The government agencies that look over land use, how do they handle this particular issue? Are there regulations in place to deal with hail risk?
The regulatory aspects still to consider are about land use. There are authorities with jurisdiction at the federal, state, and local level. Usually, it starts with the local level and with a use permit – a conditional use permit. The developer goes in front of the township or the city or the county, whoever has jurisdiction of wherever the property is going to go. That’s where it gets political.

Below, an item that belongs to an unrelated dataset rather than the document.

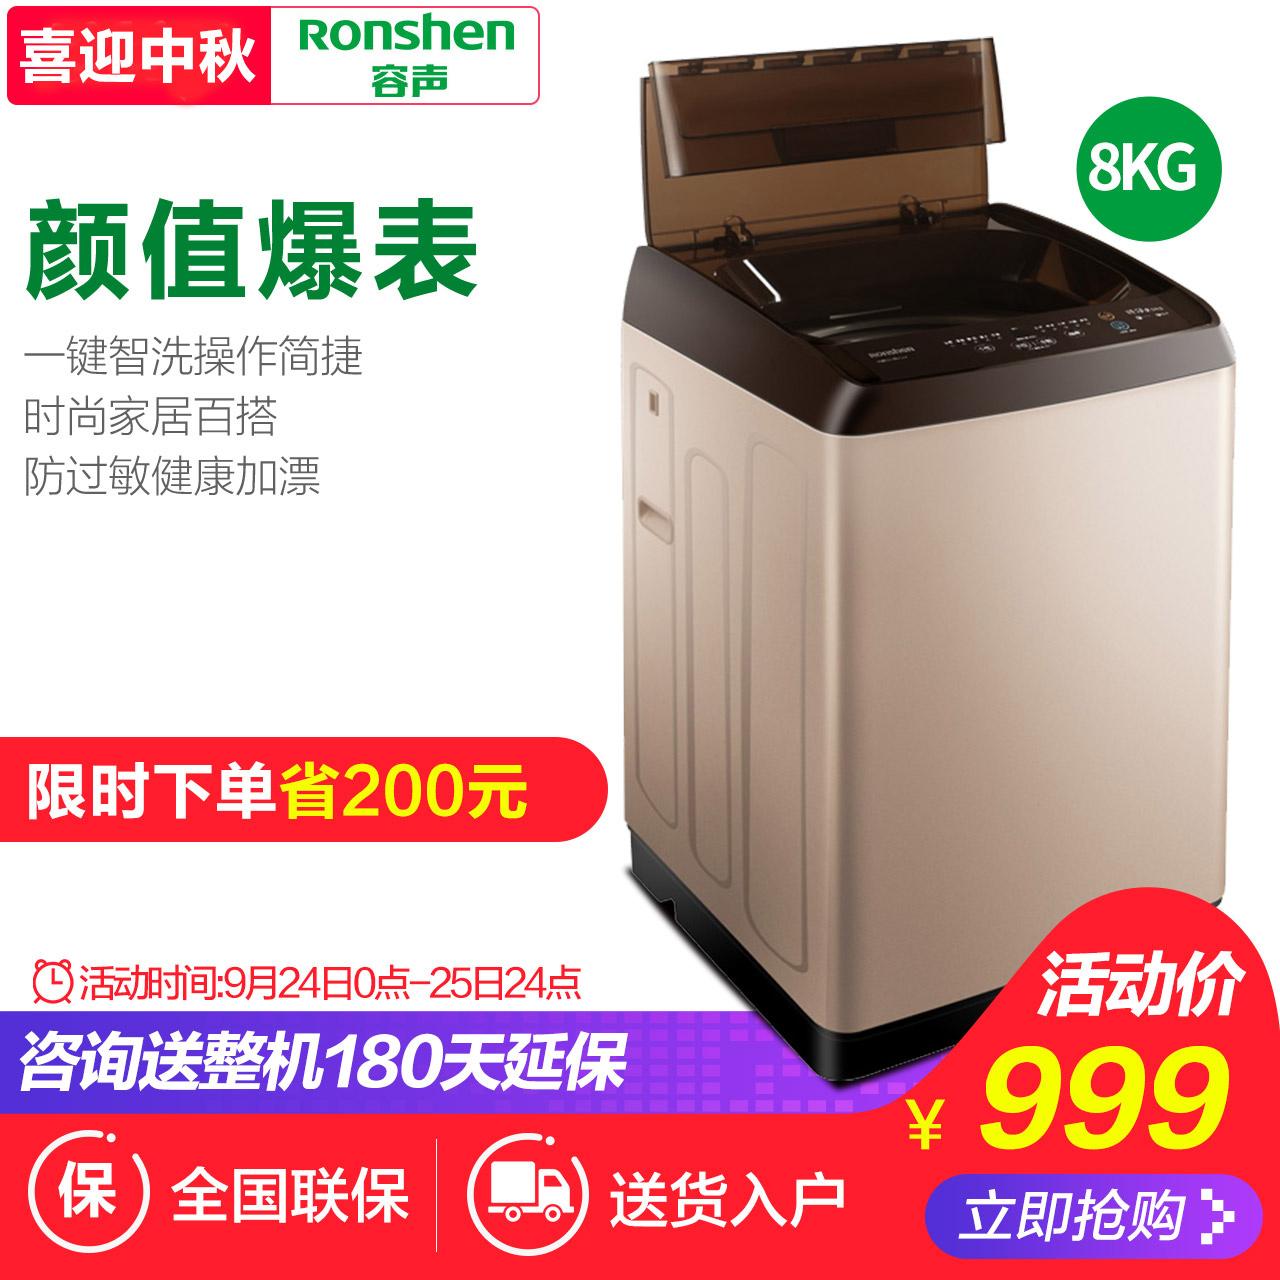 Ronshen-容声RB80D2355G 8公斤波轮家用全自动洗衣机

To answer your question about hail, I don’t know if any of the [authority having jurisdictions] really care about hail. There are folks out there that don’t like solar because it’s an eyesore. I respect that – I don’t agree with that, per se, but I understand and appreciate it. There’s folks with an agenda that just don’t want solar.
So okay, how can developers approach hail risk in a way that makes communities more comfortable?
The bad news is that solar panels use a lot of glass. They take up a lot of land. If you have hail dropping from the sky, that’s a risk.
The good news is that you can design a system to be resilient to that. Even in places like Texas, where you get large hail, preparing can mean the difference between a project that is destroyed and a project that isn’t. We did a case study about a project in the East Texas area called Fighting Jays that had catastrophic damage. We’re very familiar with the area, we work with a lot of clients, and we found three other projects within a five-mile radius that all had minimal damage. That simple decision [to be ready for when storms hit] can make the complete difference.
And more of the week’s big fights around renewable energy.
1. Long Island, New York – We saw the face of the resistance to the war on renewable energy in the Big Apple this week, as protestors rallied in support of offshore wind for a change.
2. Elsewhere on Long Island – The city of Glen Cove is on the verge of being the next New York City-area community with a battery storage ban, discussing this week whether to ban BESS for at least one year amid fire fears.
3. Garrett County, Maryland – Fight readers tell me they’d like to hear a piece of good news for once, so here’s this: A 300-megawatt solar project proposed by REV Solar in rural Maryland appears to be moving forward without a hitch.
4. Stark County, Ohio – The Ohio Public Siting Board rejected Samsung C&T’s Stark Solar project, citing “consistent opposition to the project from each of the local government entities and their impacted constituents.”
5. Ingham County, Michigan – GOP lawmakers in the Michigan State Capitol are advancing legislation to undo the state’s permitting primacy law, which allows developers to evade municipalities that deny projects on unreasonable grounds. It’s unlikely the legislation will become law.
6. Churchill County, Nevada – Commissioners have upheld the special use permit for the Redwood Materials battery storage project we told you about last week.